#### WHAT THE TASK REQUIRES:
From the material below, copy exactly the lines beginning with the one that contains "A set of vector" and ending with the one that contains "A silhouette of"; the pictures stay out.

---- WORKING DATA

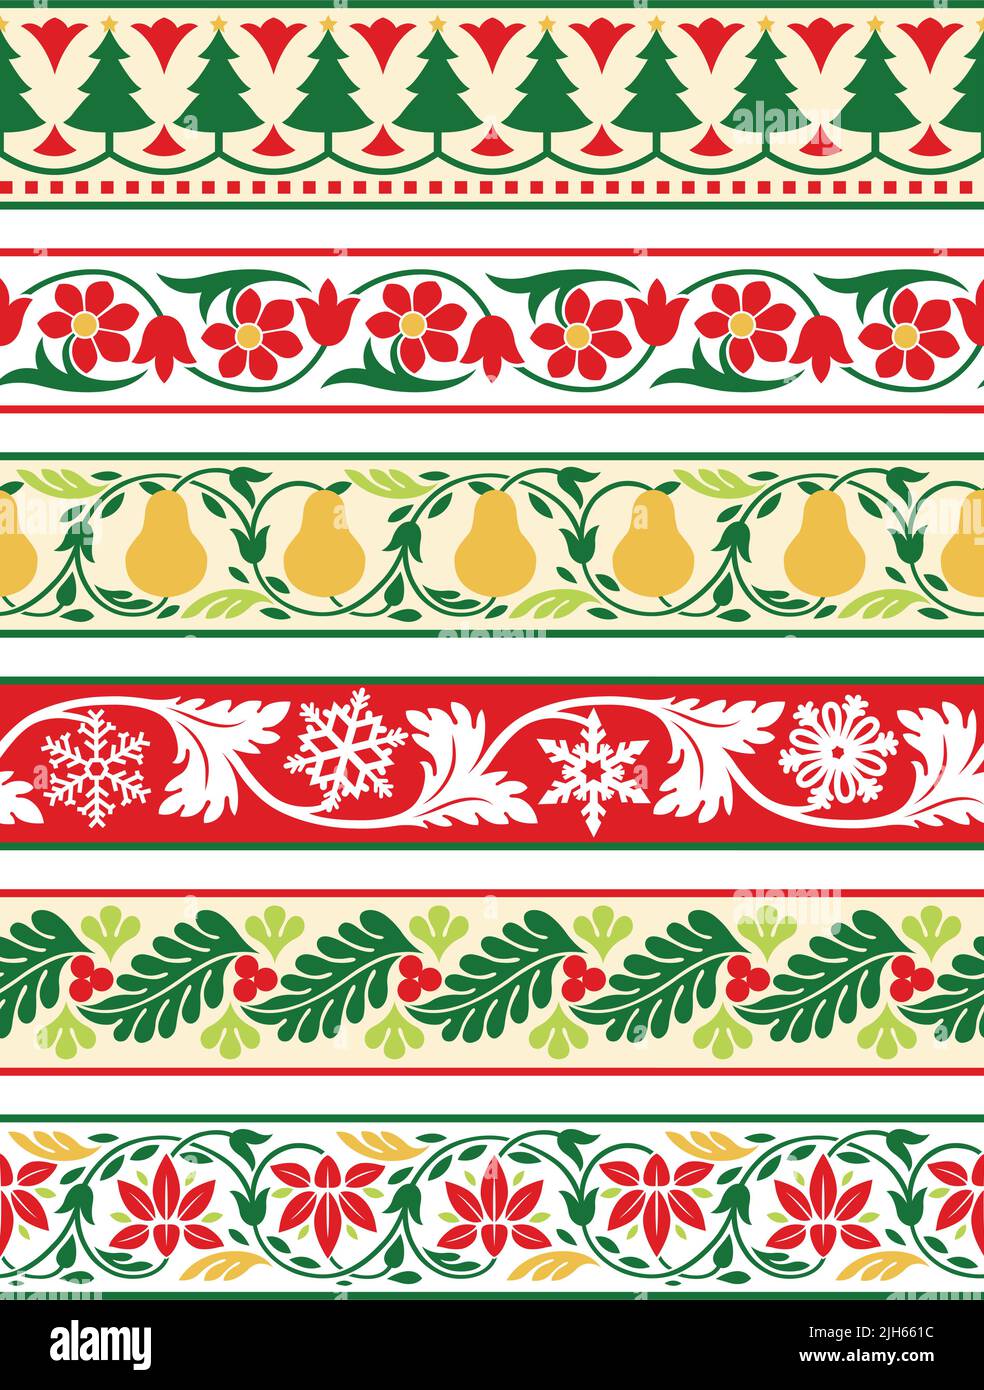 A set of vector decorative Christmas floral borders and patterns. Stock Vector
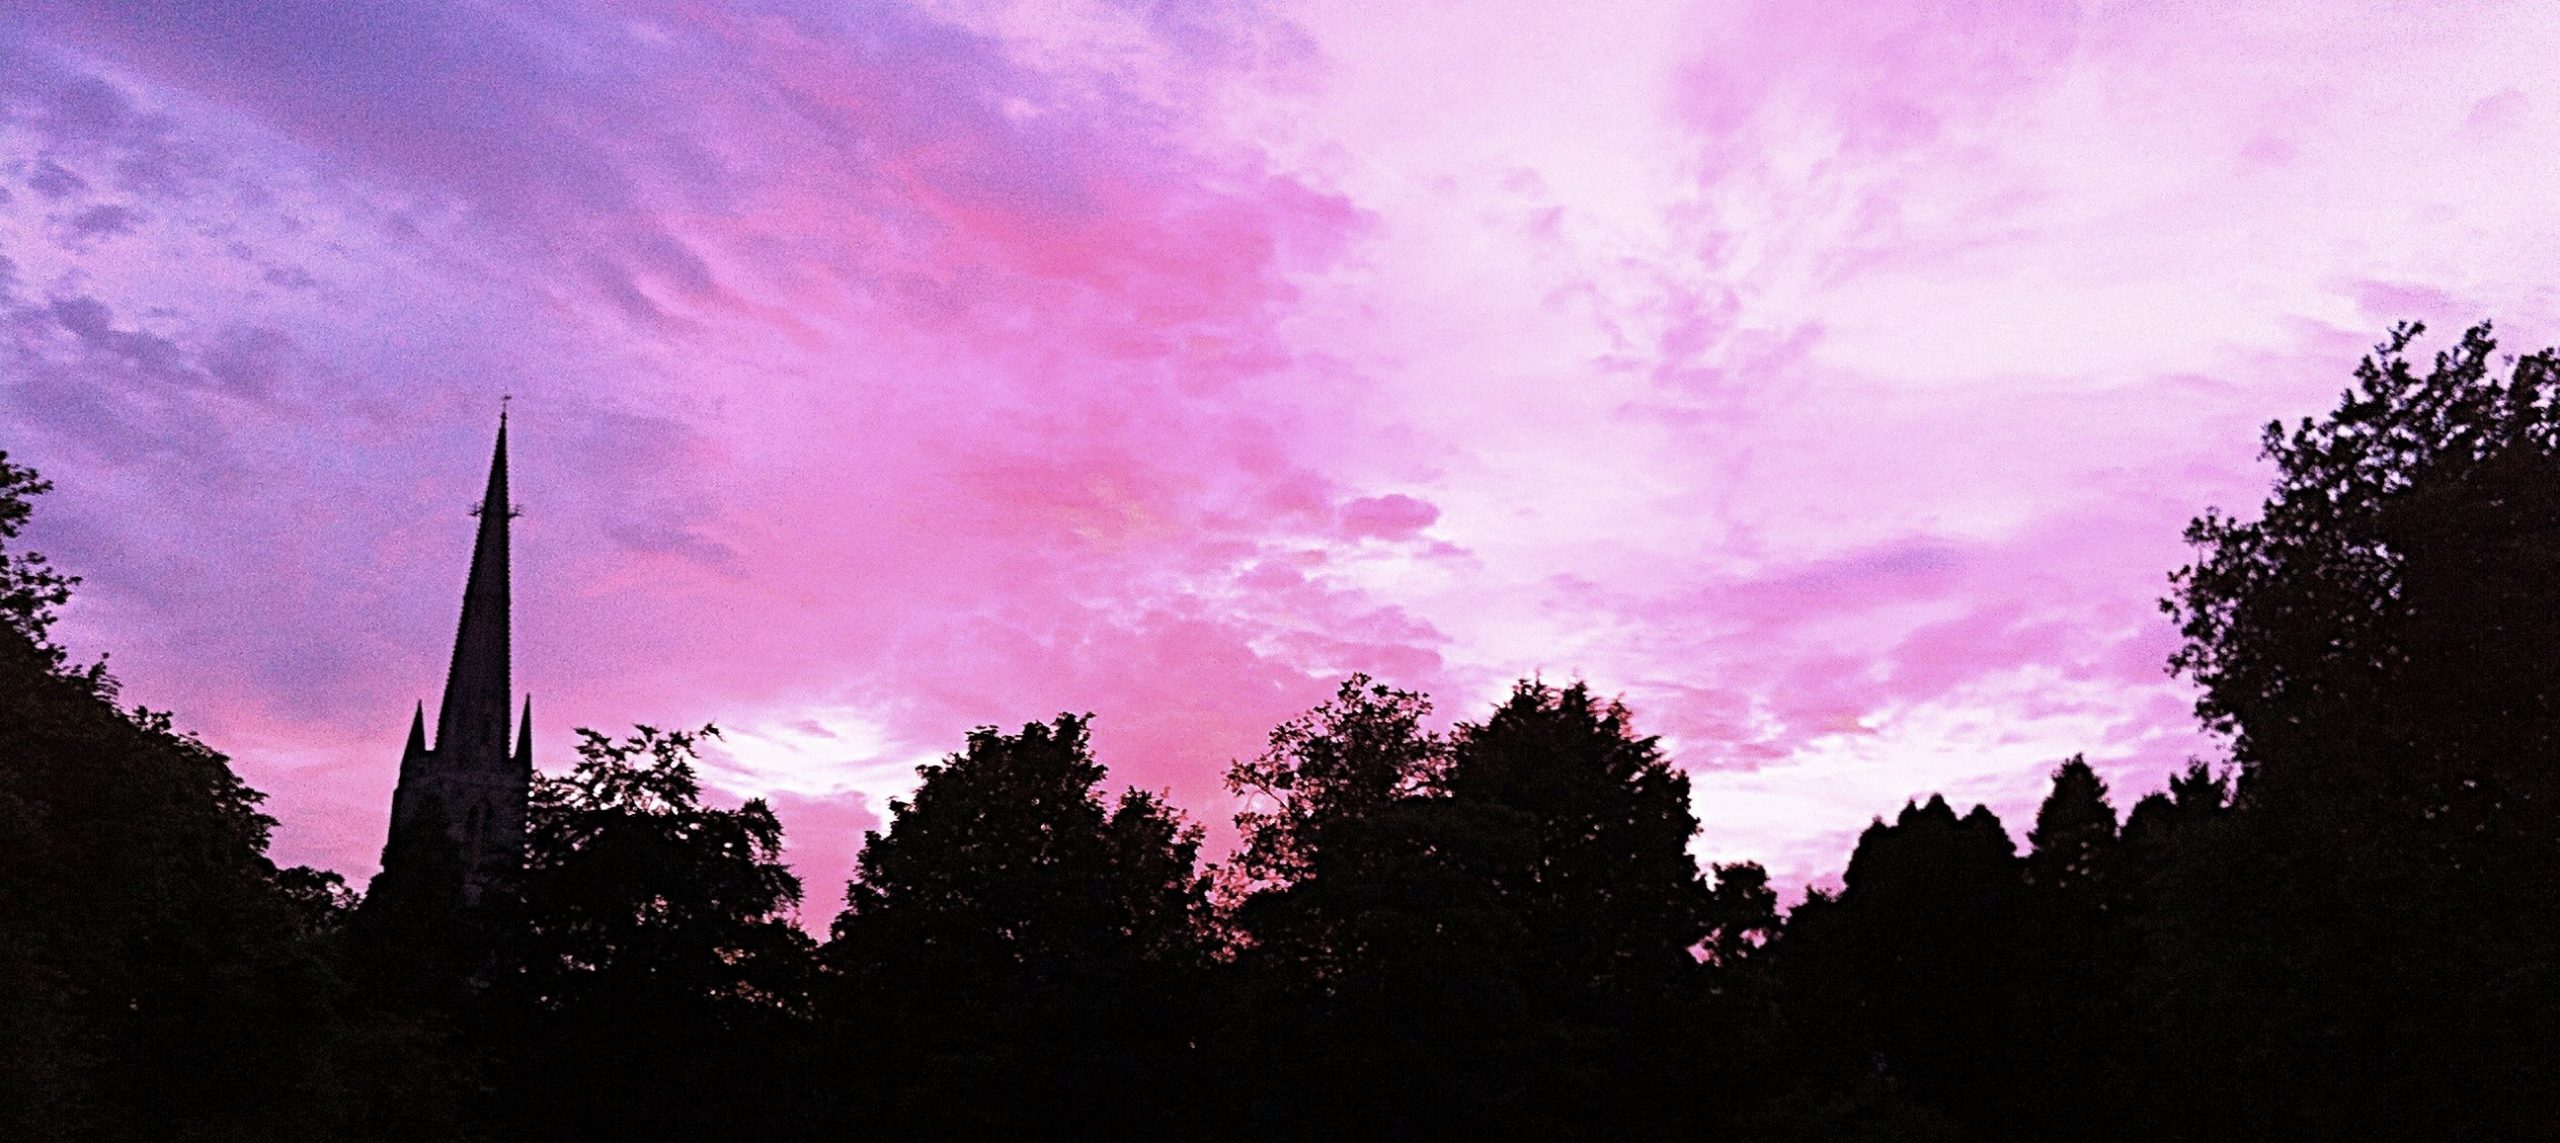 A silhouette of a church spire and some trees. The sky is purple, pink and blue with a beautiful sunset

--------
---- WORKING DATA

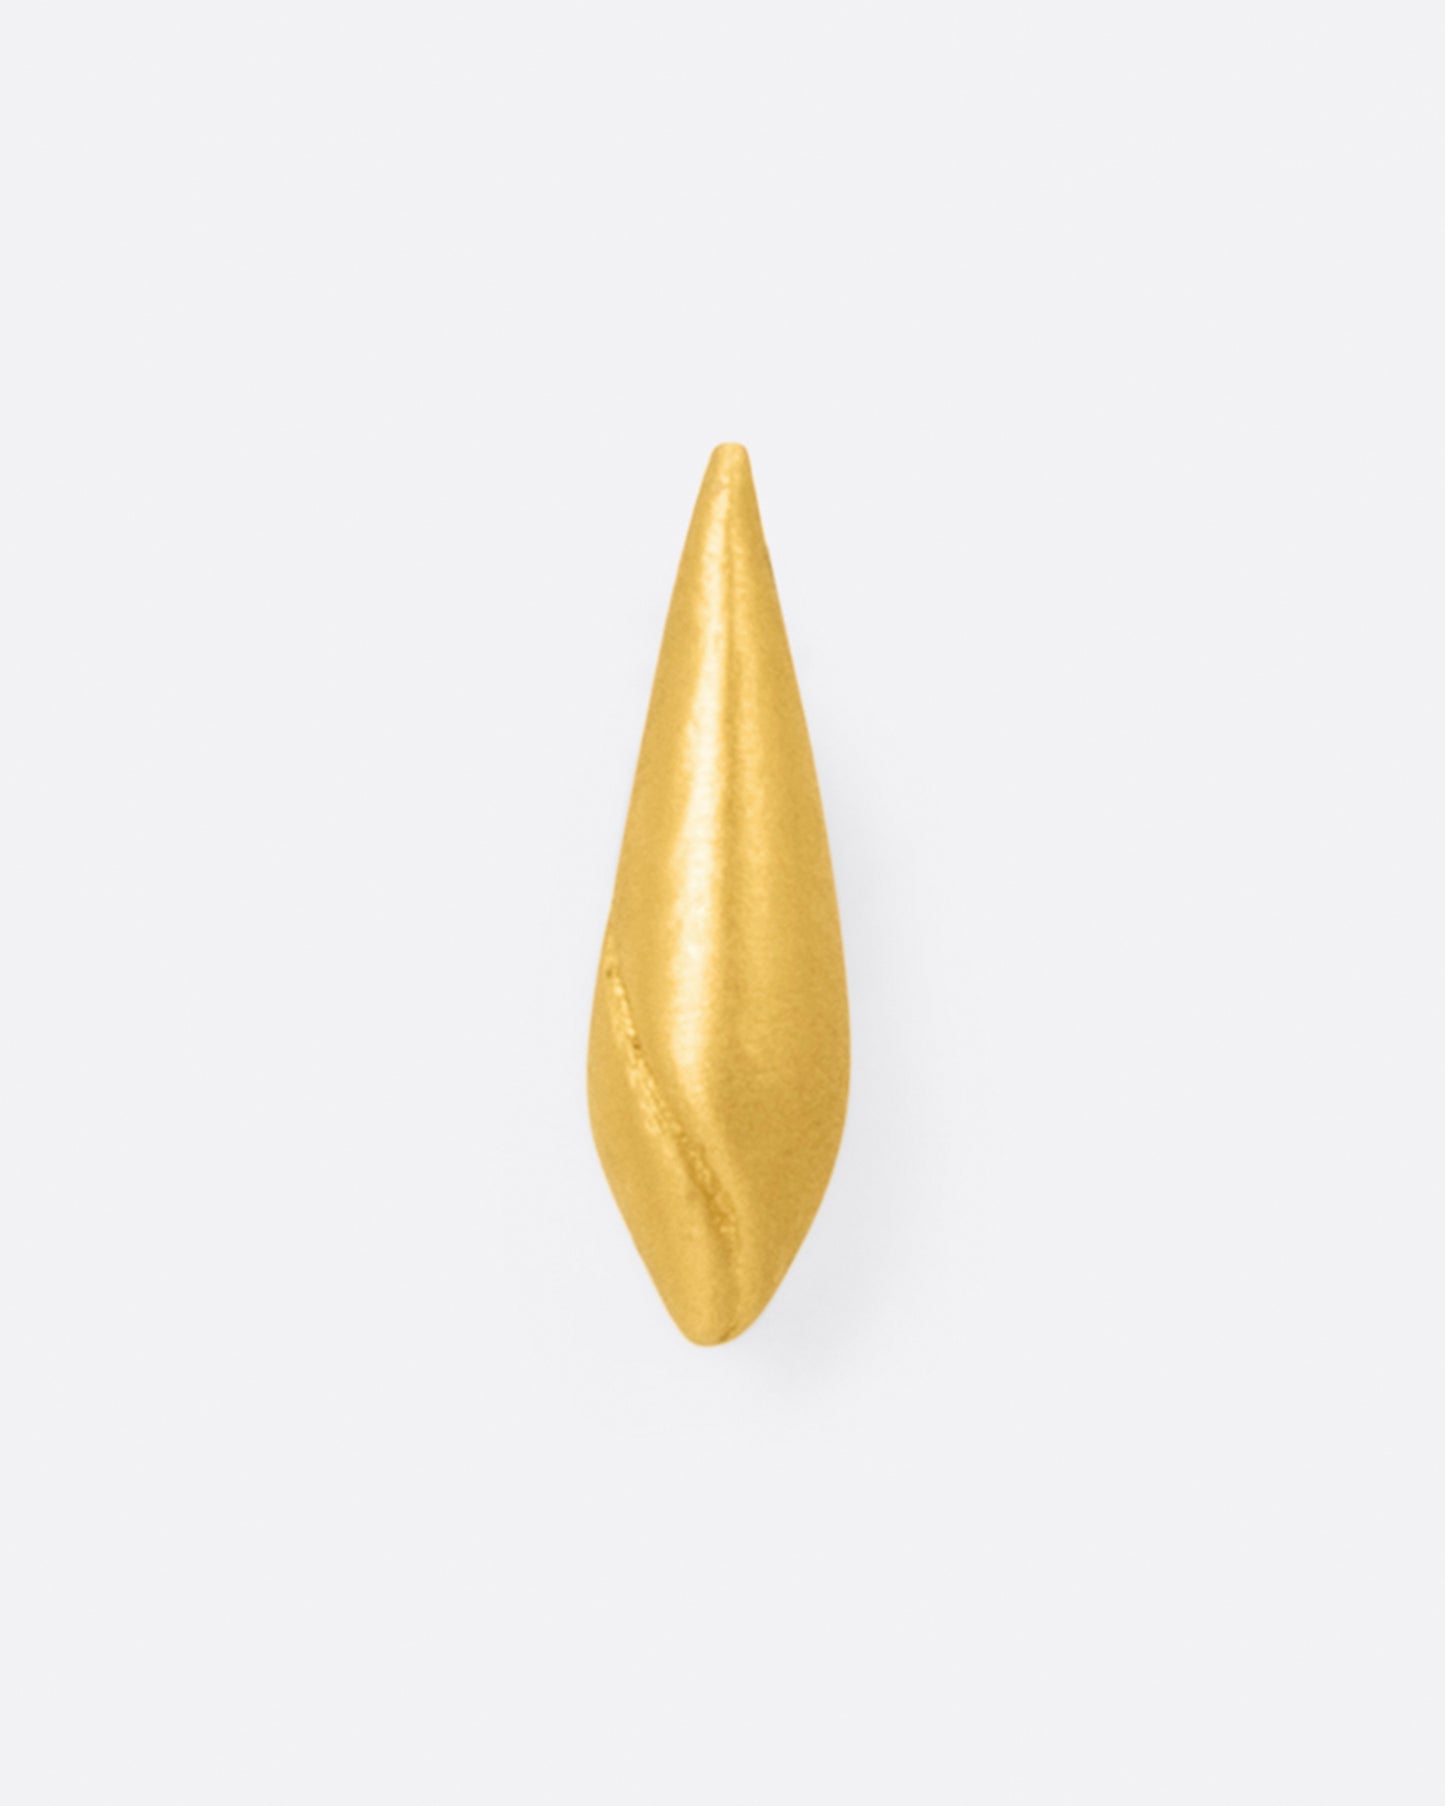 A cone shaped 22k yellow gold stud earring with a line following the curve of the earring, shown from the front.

--------
---- WORKING DATA

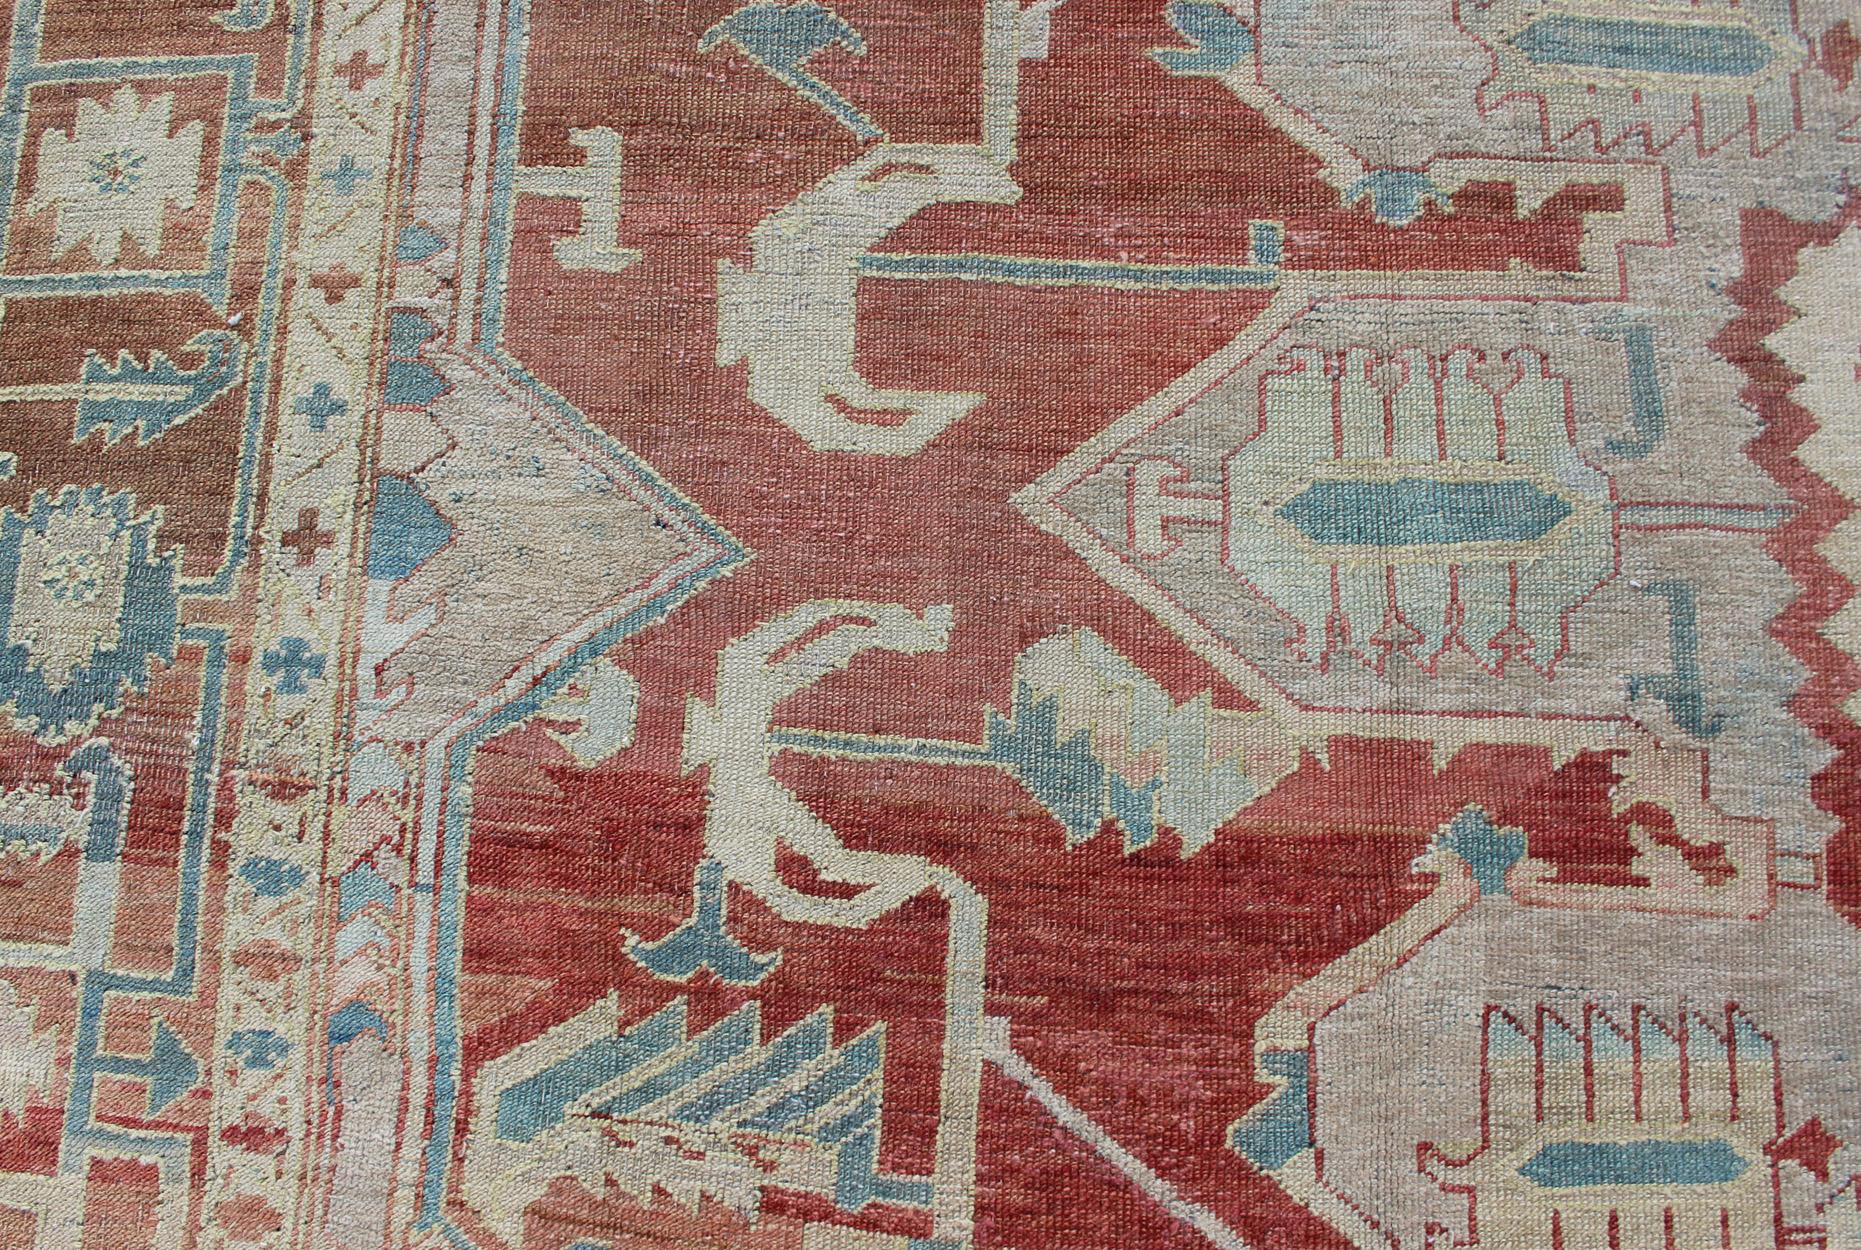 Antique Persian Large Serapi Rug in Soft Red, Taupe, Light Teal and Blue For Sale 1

--------

#### ANSWER SPACE:
 A set of vector decorative Christmas floral borders and patterns. Stock Vector
 A silhouette of a church spire and some trees. The sky is purple, pink and blue with a beautiful sunset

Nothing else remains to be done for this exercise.